GIVEN INFORMATION:
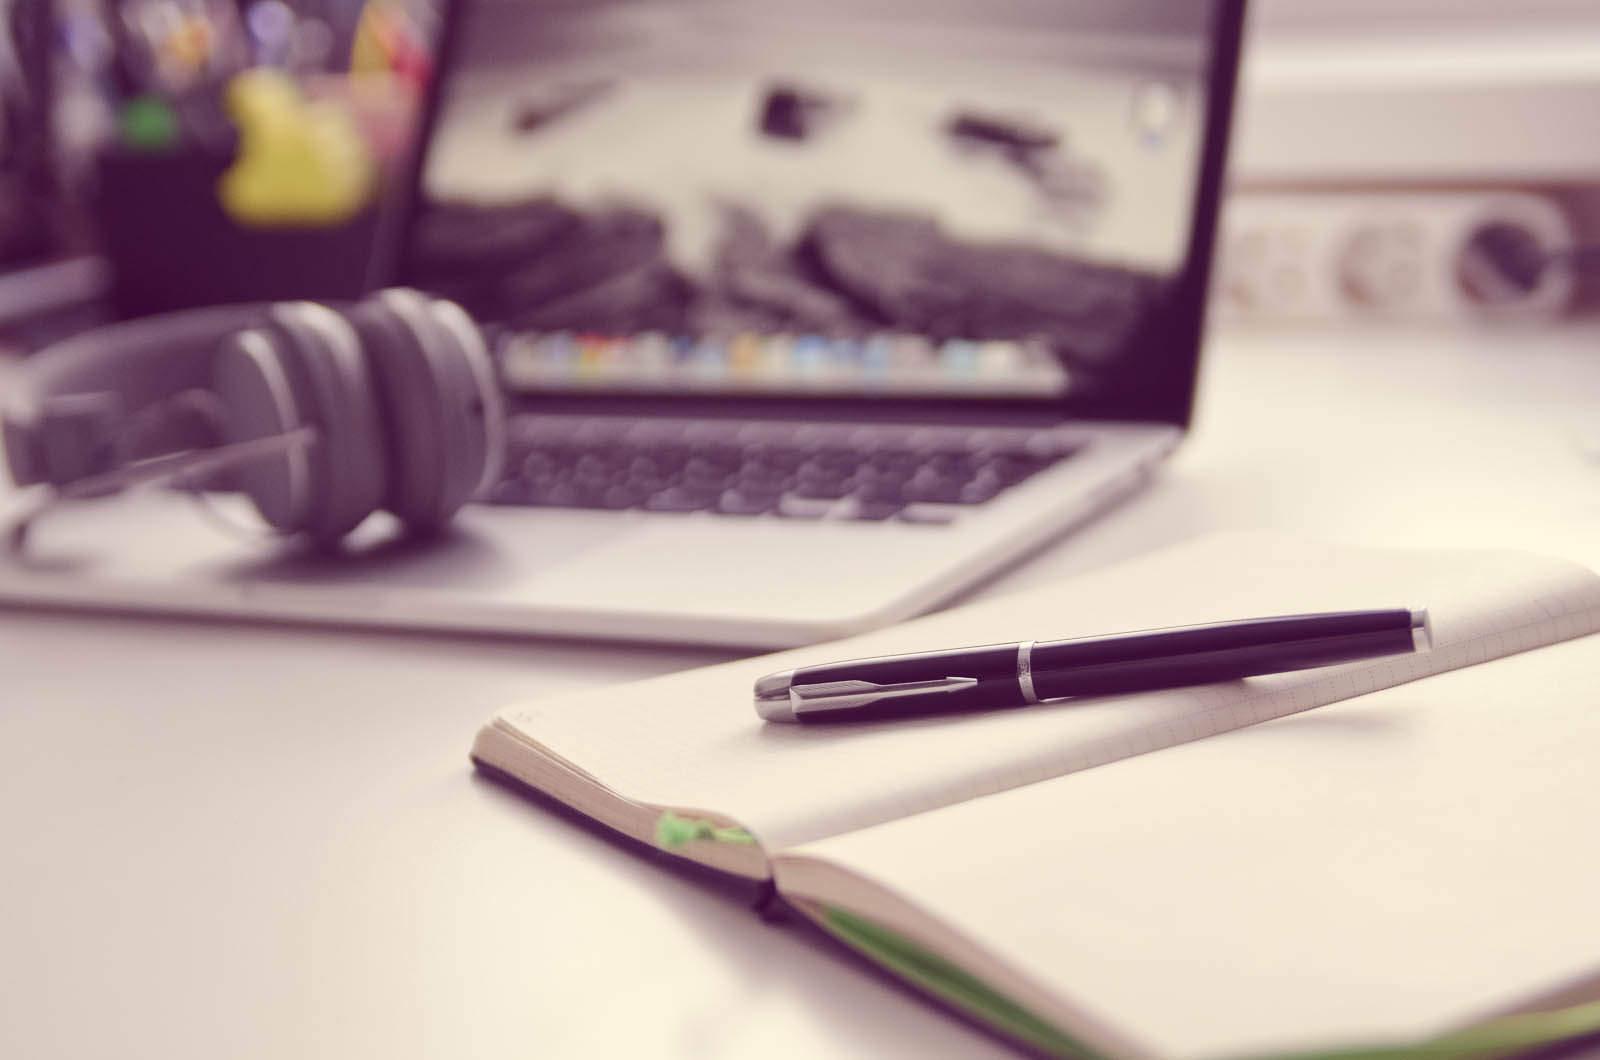 Arbeit, Laptop, Stift, Zahlen, Einkommen, Arbeitslosenquote
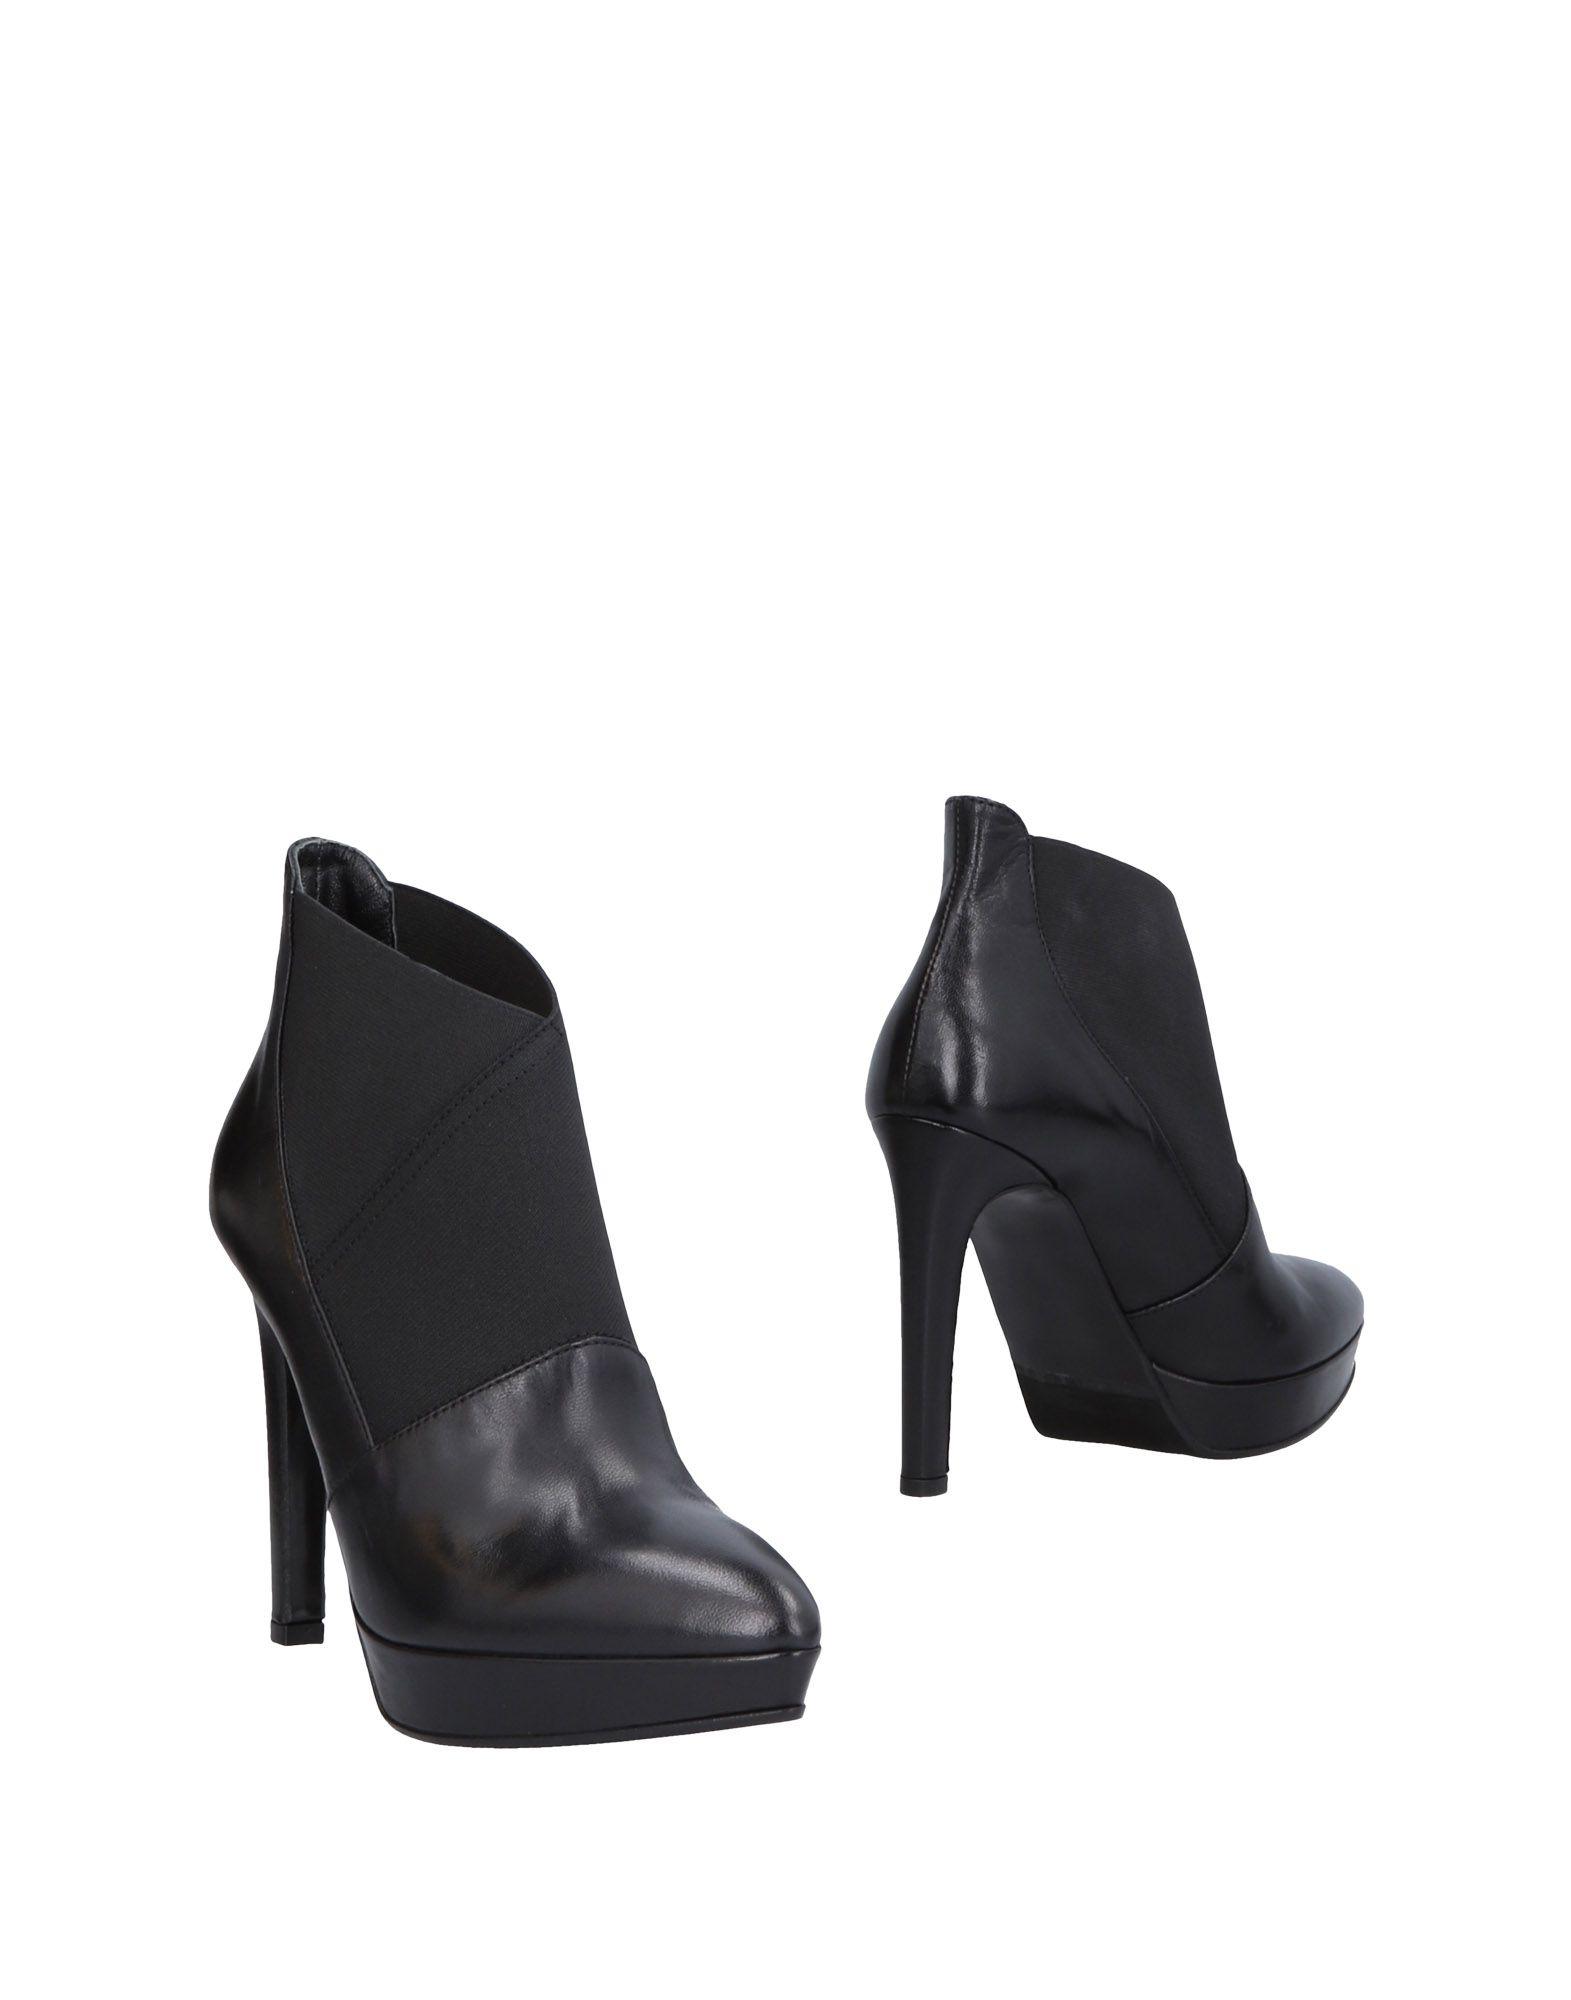 Manì Per Donna Gute Più Stiefelette Damen  11462664VW Gute Donna Qualität beliebte Schuhe 5c2a32
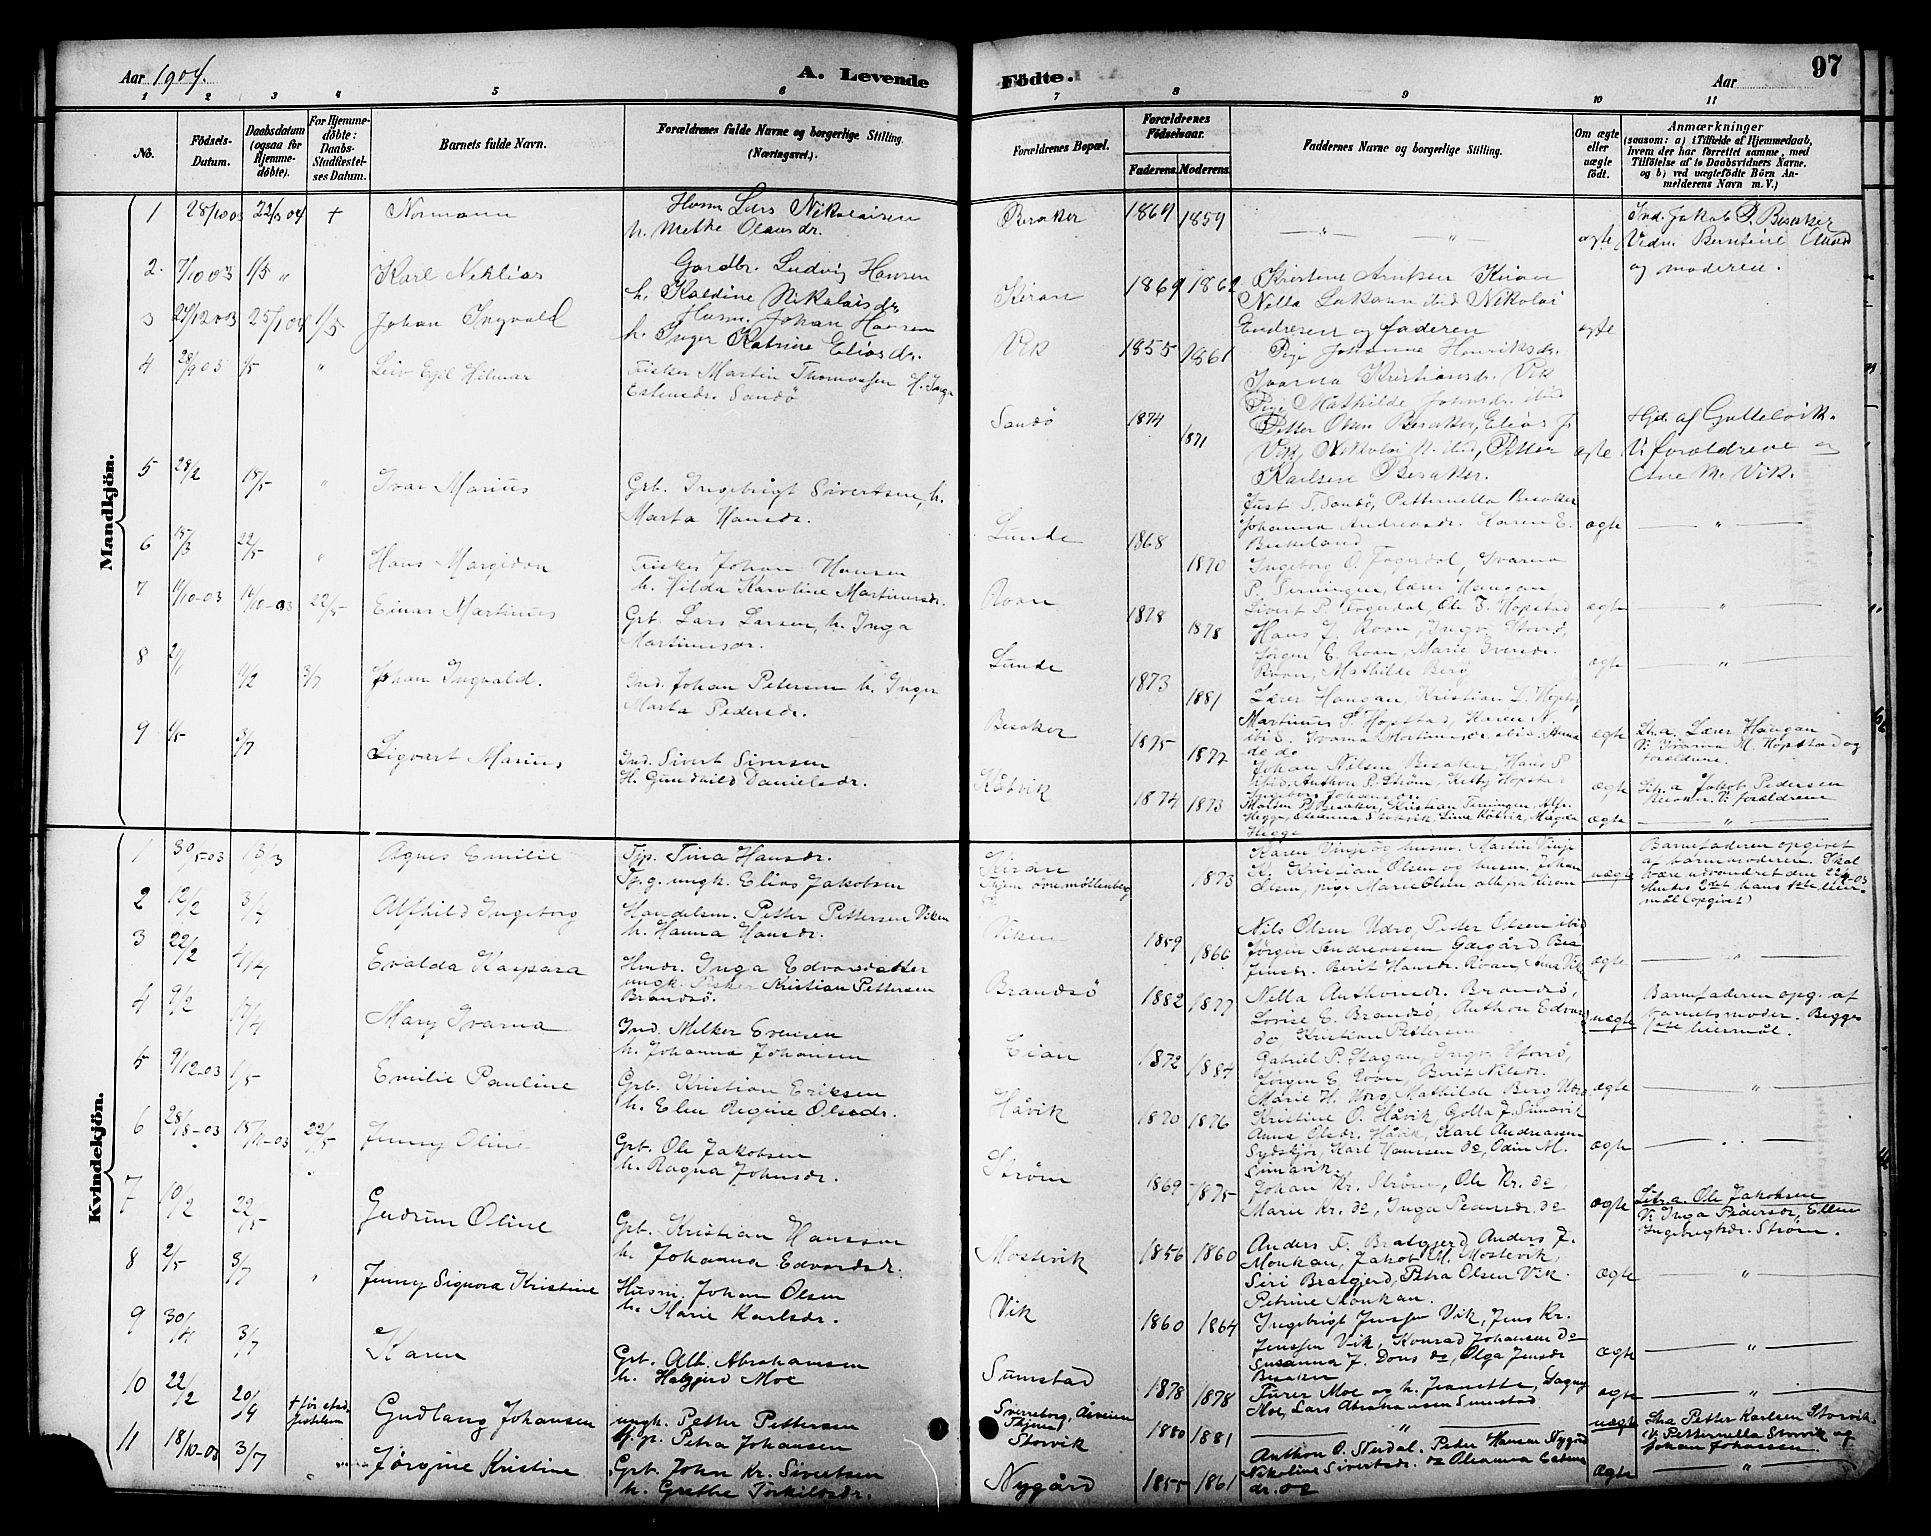 SAT, Ministerialprotokoller, klokkerbøker og fødselsregistre - Sør-Trøndelag, 657/L0716: Klokkerbok nr. 657C03, 1889-1904, s. 97

EXERCISE DETAILS: Leave out all pictures and extract exactly the lines from the line with "Manì Per Donna" through the end of the material.

SOLVED EXERCISE:
 Manì Per Donna Gute Più Stiefelette Damen  11462664VW Gute Donna Qualität beliebte Schuhe 5c2a32
 SAT, Ministerialprotokoller, klokkerbøker og fødselsregistre - Sør-Trøndelag, 657/L0716: Klokkerbok nr. 657C03, 1889-1904, s. 97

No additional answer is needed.